Recycled Materials:  Edge treatments, pavers and rooftop planters are constructed from 100% recycled materials. The concrete block that constitutes the front walk minimizes stormwater runoff, while the parking area uses grass block and concrete to create a grid which minimizes stormwater runoff, increases more oxygen emission and reduces heat accumulation. Insulation is achieved by using cellulose, a produce made from recycled paper, reconstituted cement is used to make an attractive siding.

Fly Ash:  The foundation of the F10 House and the wall of the basement are constructed using concrete that contains fly ash, which is a by-product of the coal-fire power industry. This fly ash-containing concrete replaces half of the portland cement.

Sustainable Lumber:  The lumber used for framing the F10 House was harvested only from forests that are sustainably managed. The 24 module on which the house is built allows it to be assembled off-site and requires less wood than other structures. Brazilian Ipe hardwood, which is a long-lasting product, is obtained from a certified forest and used in constructing the deck of the home, with cork flooring completing the interior. Cork is harvested every 9-15 years.

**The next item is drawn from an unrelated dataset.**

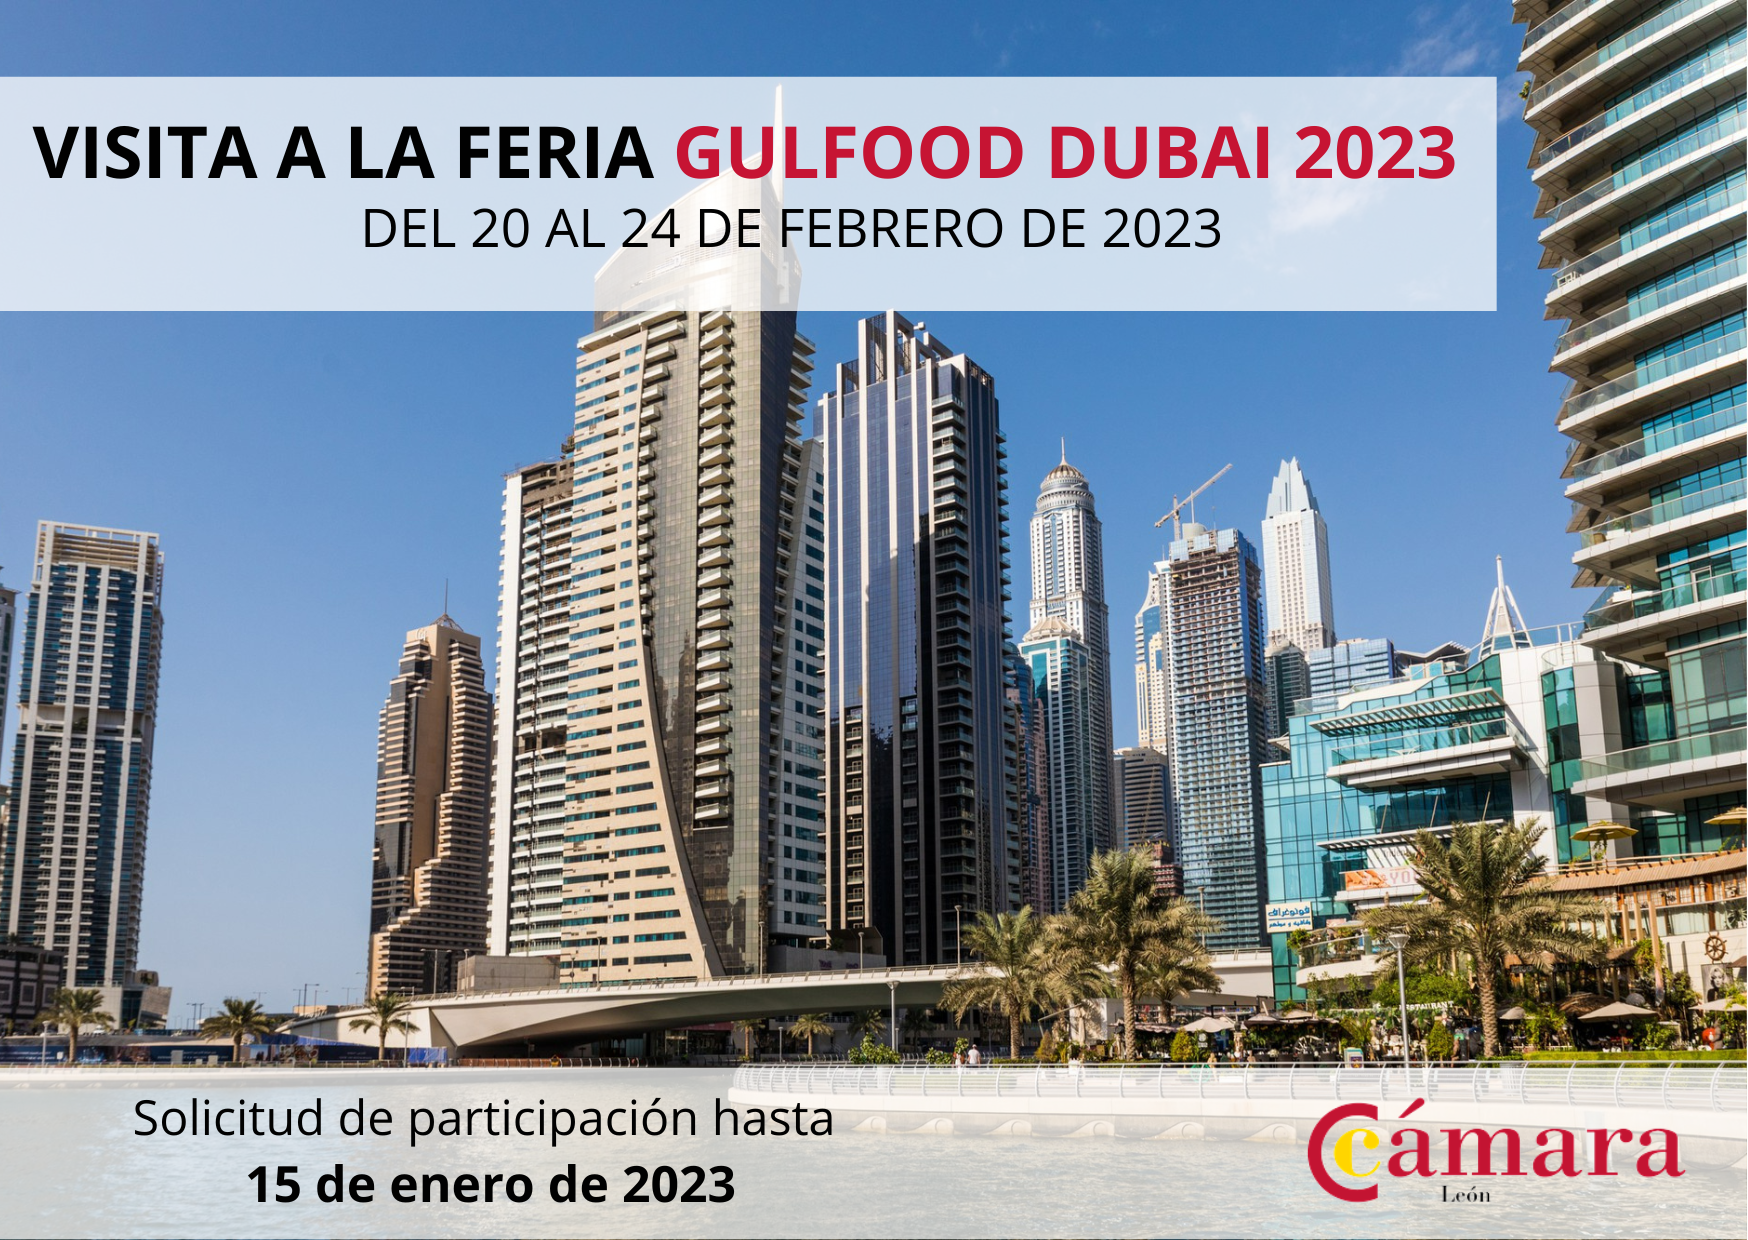 VISITA A LA FERIA GULFOOD DUBAI 2023

Other green features of the Factor 10 House include carpets made from recycled soda bottles (polyethylene terephthalate polyester), dual-flush toilets and low-flow plumbing fixtures, as well as Energy Star compliant kitchen appliances and a gas-fired hydronic-distribution water boiler which is 90% energy efficient.

Air ventilation and shade  is brought about by perforated metal awnings. Low-VOC paints were used to apply a soft tint throughout the house.

The Factor 10 House is like other low-tech green homes with large windows that allow in beautiful sunlight, and reduces the necessity for additional lighting. A natural breeze keeps the home cool on warm summer days while a rheostat operates the speed of ceiling fans, while the floor plan enhances cross ventilation throughout the home. A green roof minimizes storm water runoff, creating a permeable site.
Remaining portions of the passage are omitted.